They are trying to pass laws where you pay a yearly fee to "register" your reptile. Some are even suggesting photographs being required so they can identify your snake or lizard if captured in the wild. All in a effort to cut down on people releasing overgrown pets once they can no longer handle them.


----------



## leveldrummer (May 27, 2005)

msdolittle said:


> You're going to love your frog.......and will get addicted and have to get him a buddy.
> 
> How do you plan to set up your tank?


if you want a frog thats easy to hold, get a whites, thats really the only frog lazy enough to just sit there, most others constantly try to get away.


----------



## msdolittle (Mar 4, 2006)

I have two whites....and a golden bell. They all pee on me when I hold them, but otherwise they're cool little dudes!


----------



## msdolittle (Mar 4, 2006)

fish_doc said:


> Those in florida get ready to pay fees to keep your reptiles.
> They are trying to pass laws where you pay a yearly fee to "register" your reptile. Some are even suggesting photographs being required so they can identify your snake or lizard if captured in the wild. All in a effort to cut down on people releasing overgrown pets once they can no longer handle them.



Ah, just another way to get money out of people..... If they really want to cut down on people releasing huge critters they might invest in some education. Make it mandatory that anyone selling these animals (petstores) know a little about what they're selling.


----------



## leveldrummer (May 27, 2005)

ok, i new this would come up eventually so im a little excited. hehe, i have kept...
2 ball pythons
1 dumerils boa
3 green tree pythons (attitude problem)
1 argentine black and white tegu
1 columbia tegu
1 timor dwarf monitor
1 breeding pair of nosy be panther chameleons
1 casque head iguanid (not iguana, those are actually terrible for the pet trade)
3 bearded dragons
2 whites tree frogs
2 green tree frogs
1 standings day gecko
2 tokay geckos (man those things can bite)
3 leopard geckos
lots of other stuff that i cant remeber
its probably hard to believe, but i was huge into herps a long time ago
i worked at a lrs called the reptile warehouse. what i didnt keep in my house, i had tons of experience with there.
the only thing i really want to do that i never did, is dart frogs. love em
andy


edit: forgot arachnids... emperor scorpions, rose hair, king baboon, and cobalt blue tarantulas.


----------



## msdolittle (Mar 4, 2006)

What happened to all those critters??


----------



## fish_doc (Jan 31, 2005)

msdolittle said:


> Ah, just another way to get money out of people..... If they really want to cut down on people releasing huge critters they might invest in some education. Make it mandatory that anyone selling these animals (petstores) know a little about what they're selling.

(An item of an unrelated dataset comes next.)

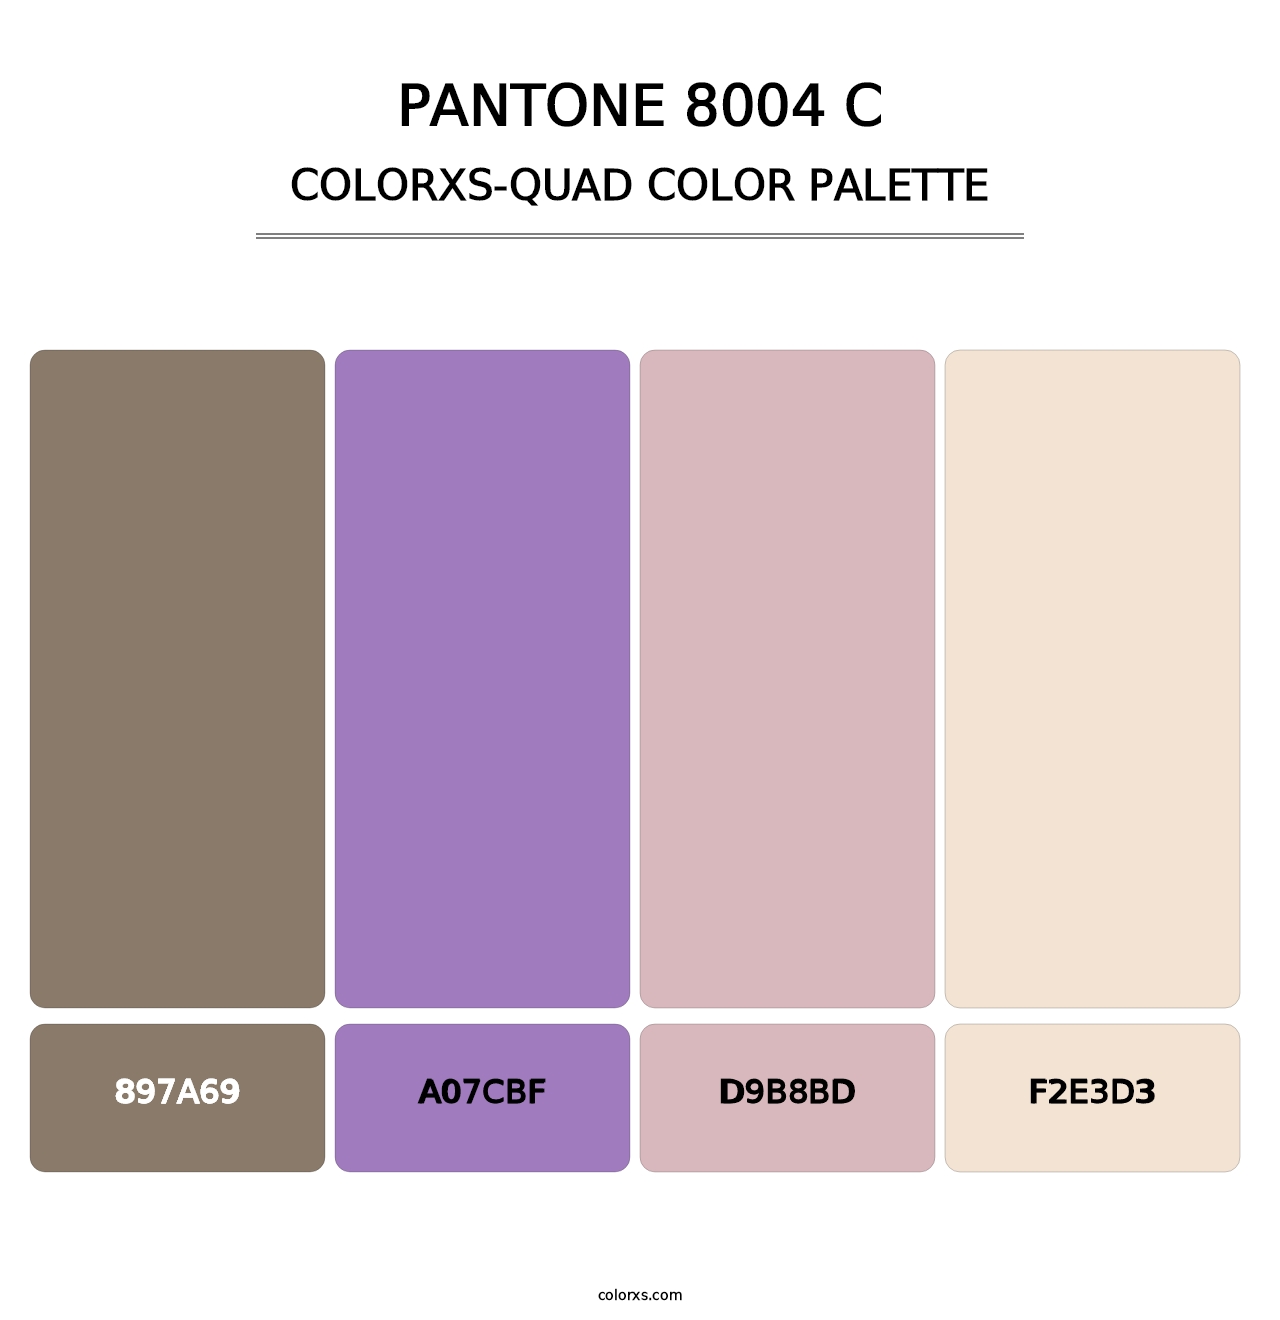 PANTONE 8004 C - Colorxs Quad Palette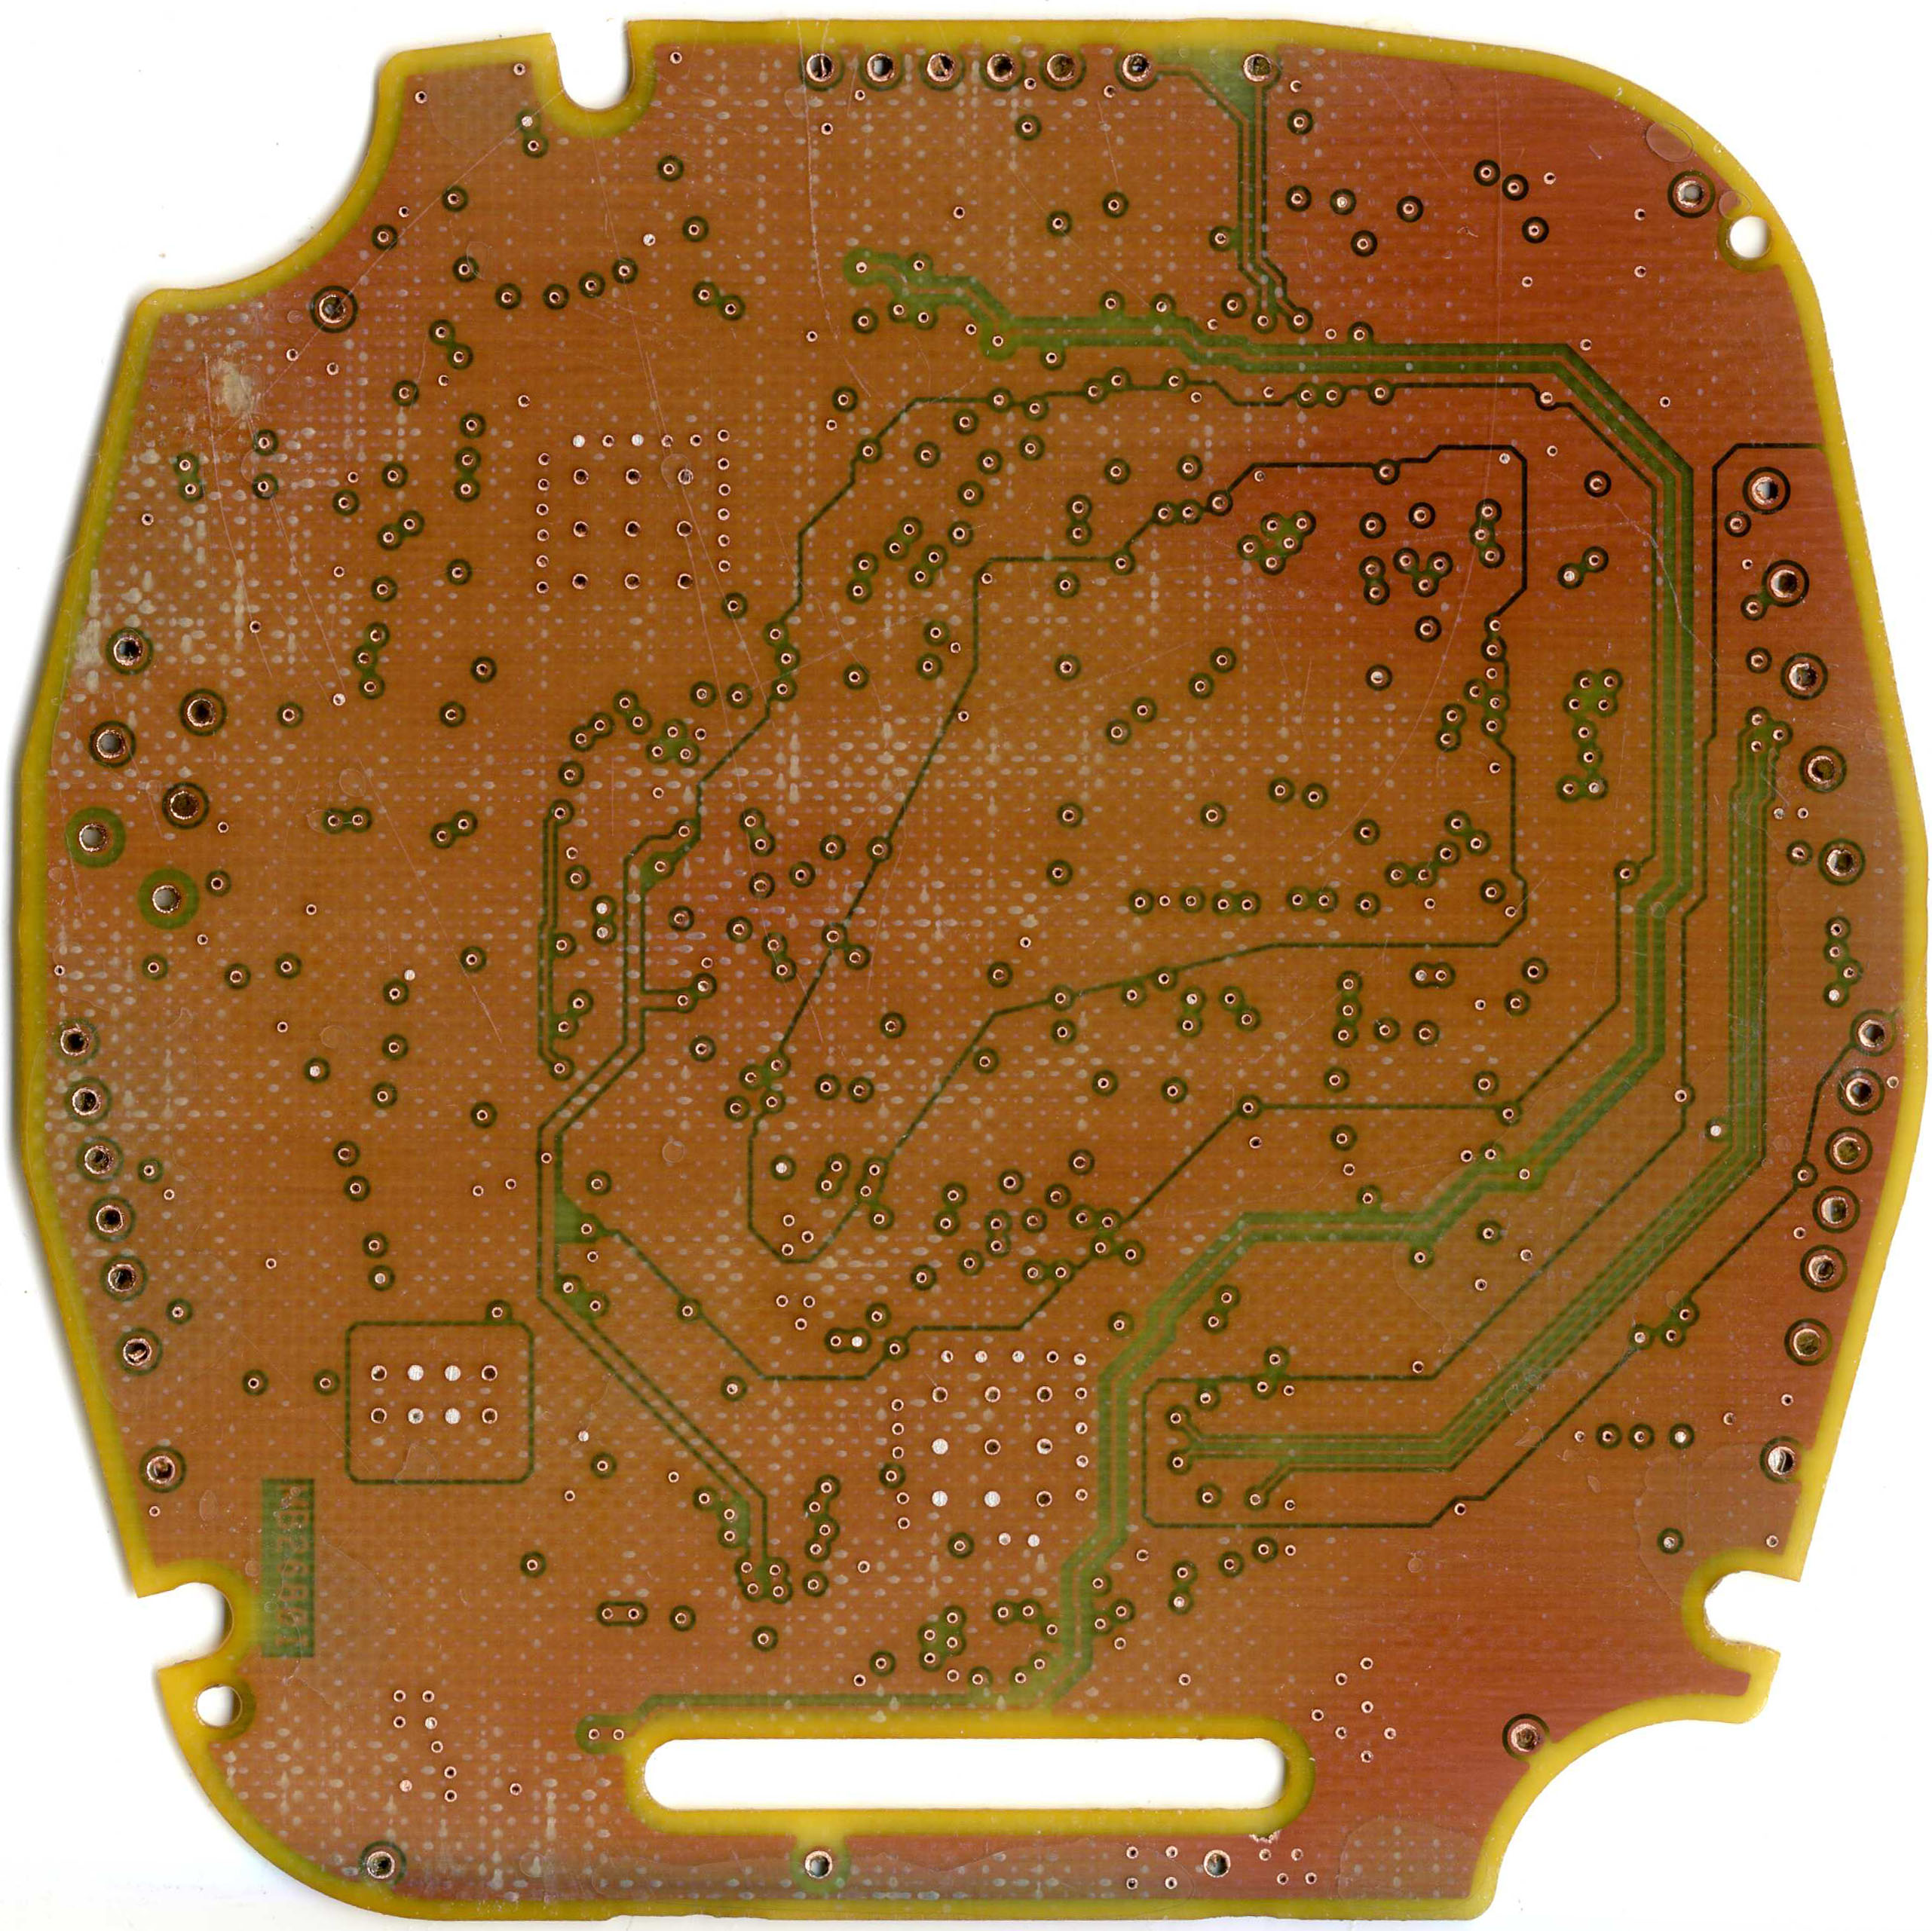 长春电路板复制 光学镜头设计 印刷电路板生产多层板

The stupid thing is if they enact this law you will have everyone release their pets so they dont get caught with them and dont have to pay the fees. Now that will really help the situation out. :chair: 

Its like another story I read about the fish and game comission putting a hold on a radio station tower because there were endangered pigmy rabbits in the area and they were afraid the tower would give birds of prey a place to pearch and watch for the rabbits. 
They told the station that they could help install a underground tower (Which I have never heard of and my dad ran 2 radio stations and now runs a tv network.) to eliminate the threat from the birds. Amazingly enough the station actually countered their own lawsuit and refused the help because digging a underground tower would actually ruin the habitat (earth) where the rabbits live. Some laws are so shortsighted they lose site of the goal.


----------



## leveldrummer (May 27, 2005)

msdolittle said:


> What happened to all those critters??


as i got burned out, i sold it all off, slowly and surely. kept lots when i moved. and slowly gave this or that away.


----------



## msdolittle (Mar 4, 2006)

That was mindbogglingly retarded......Who comes up with this crap??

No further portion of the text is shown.